[DATA EXTRACT]
+ + + + +

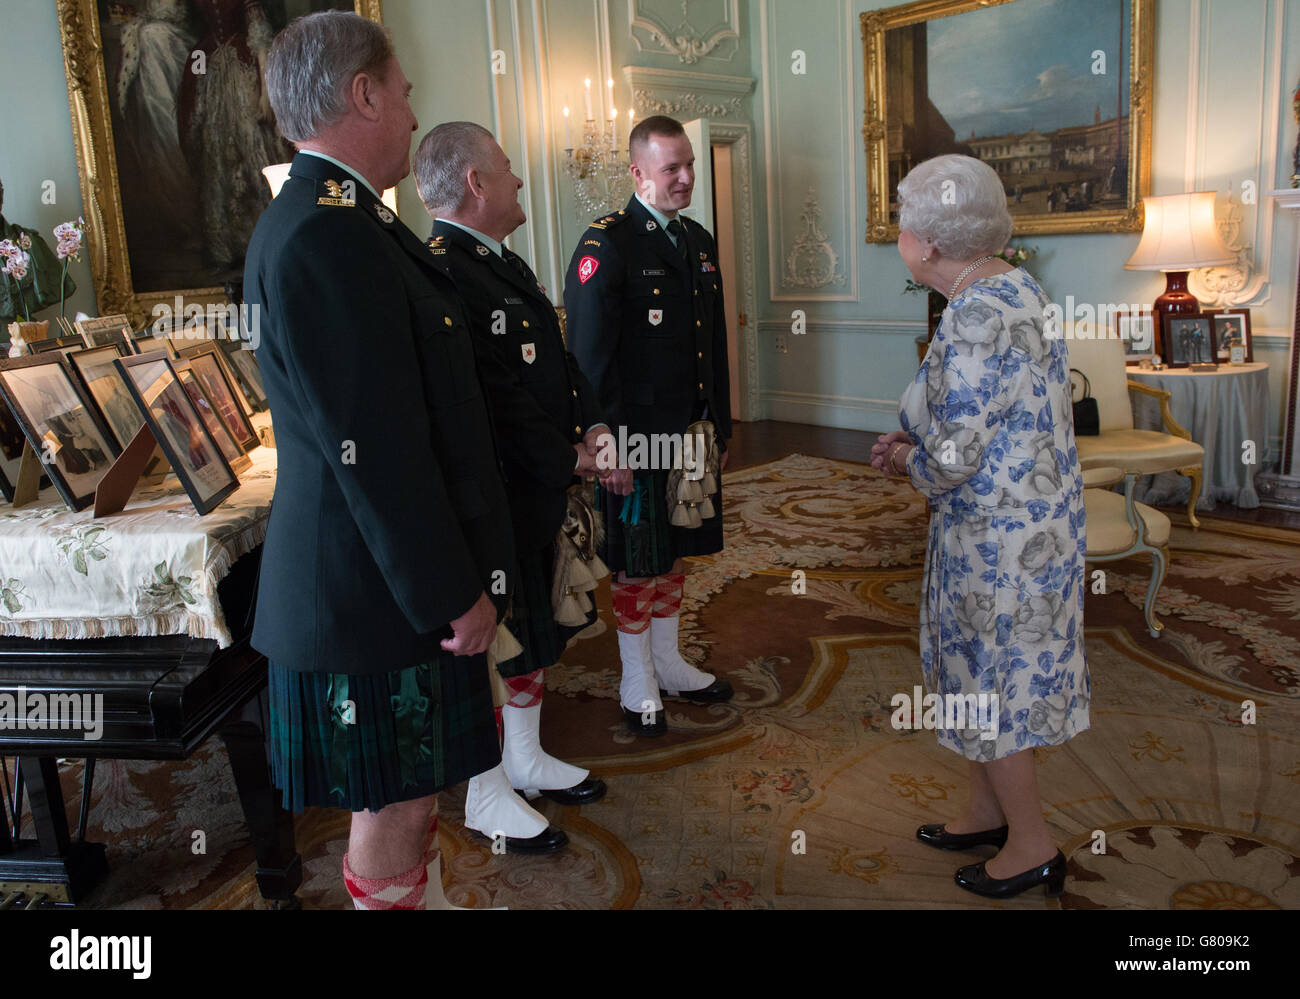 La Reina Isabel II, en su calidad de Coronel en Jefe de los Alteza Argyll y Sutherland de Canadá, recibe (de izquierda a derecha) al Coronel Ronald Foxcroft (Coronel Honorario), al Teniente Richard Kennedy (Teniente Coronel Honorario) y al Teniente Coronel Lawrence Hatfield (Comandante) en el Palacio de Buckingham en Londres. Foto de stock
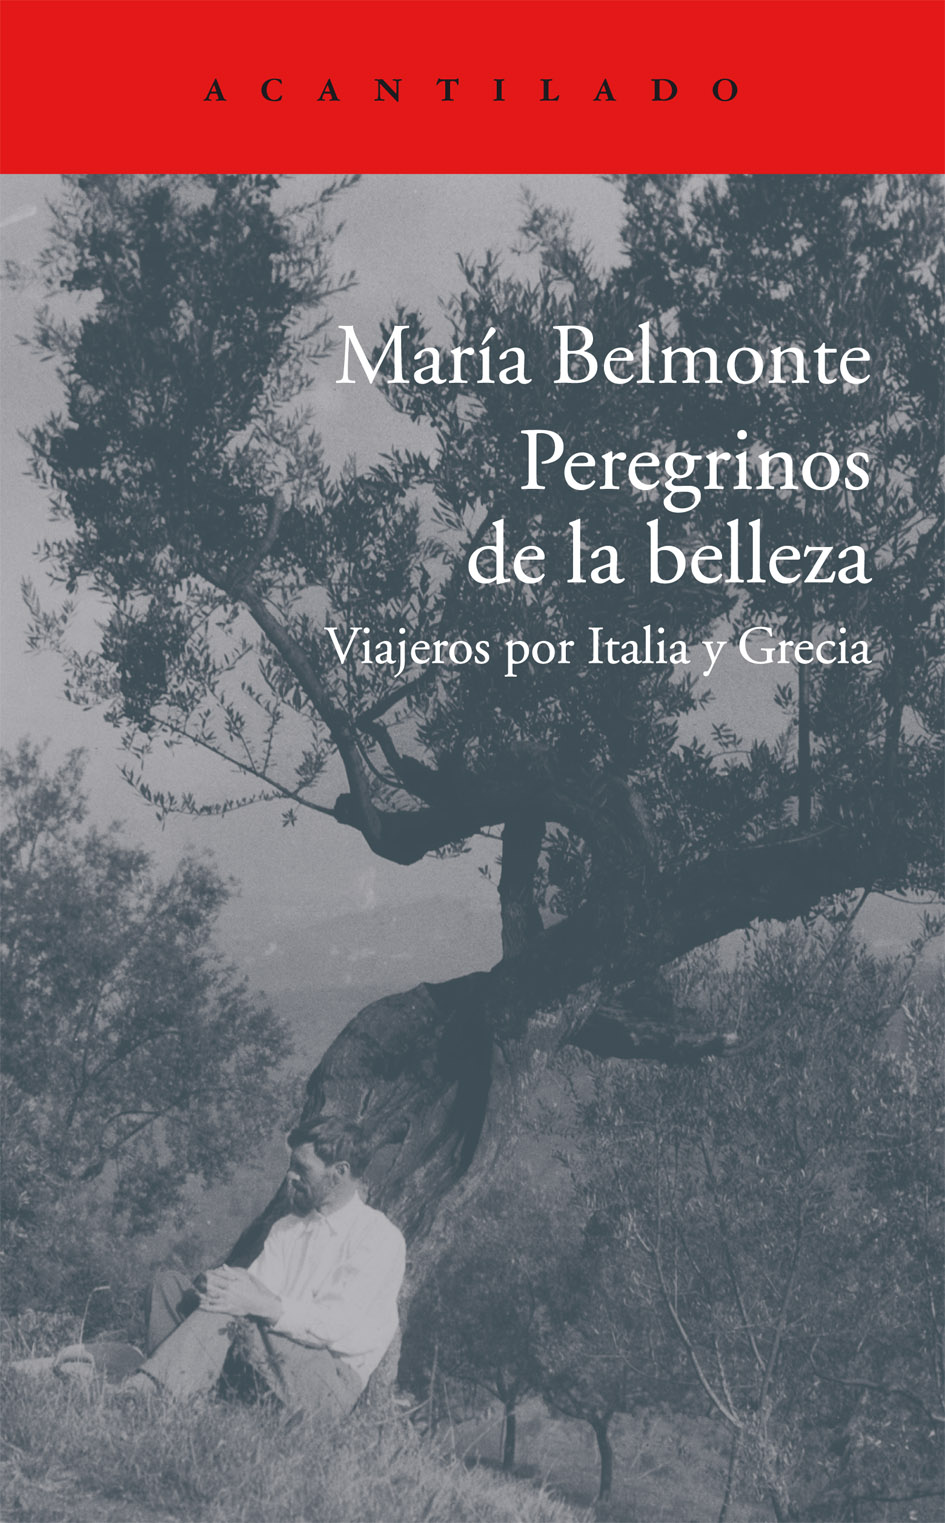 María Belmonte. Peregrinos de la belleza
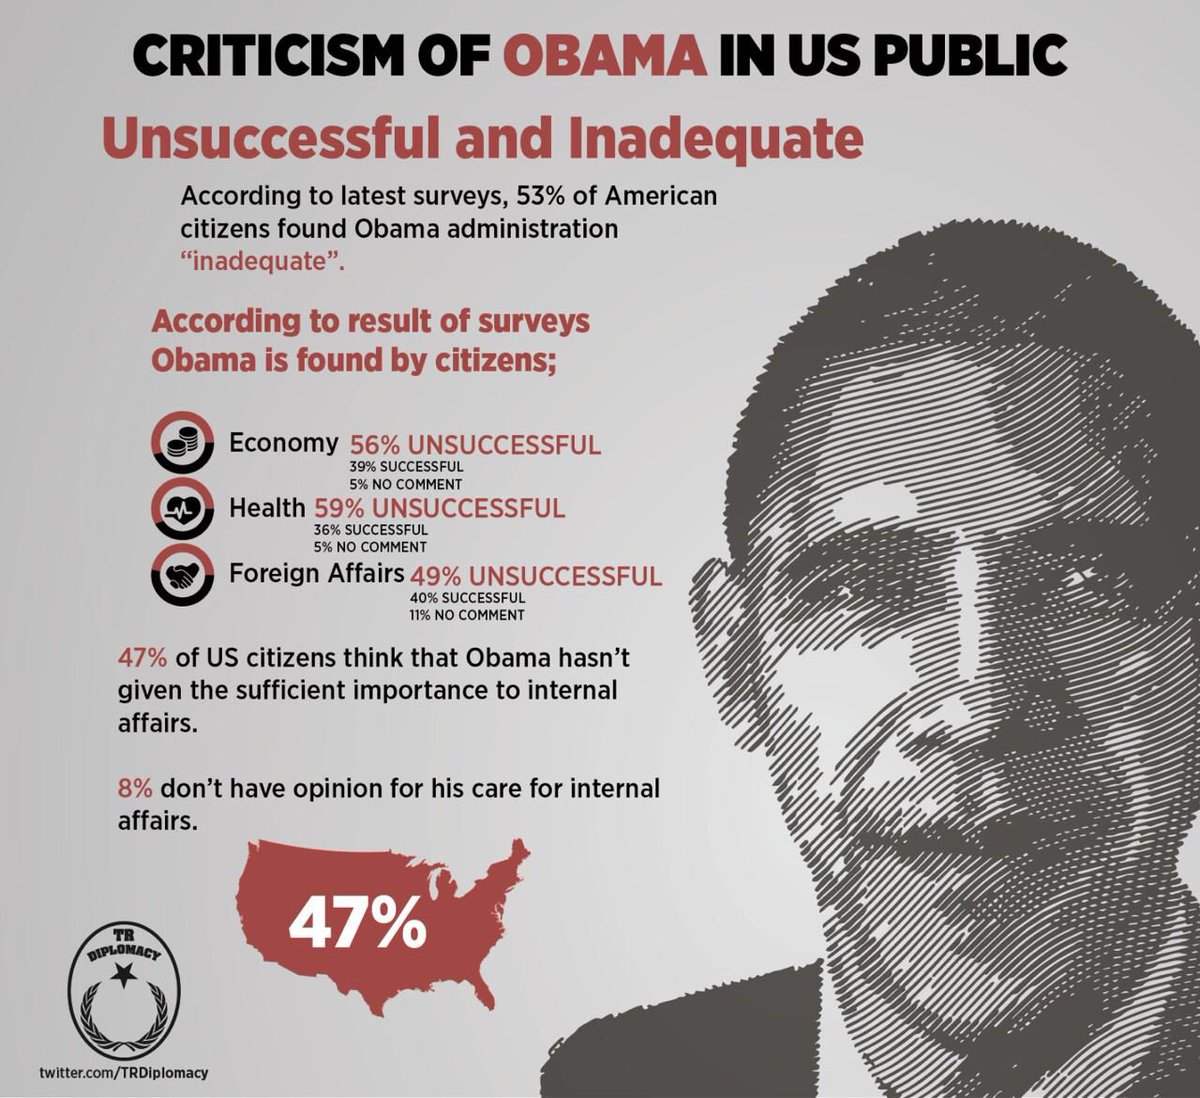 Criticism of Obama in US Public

+ + + + +

From the line containing "María Belmonte. Peregrinos de la belleza" through the final line of the listing, copy every line exactly and nothing else. Skip the pictures.

[FINISHED TASK]
 María Belmonte. Peregrinos de la belleza
 Criticism of Obama in US Public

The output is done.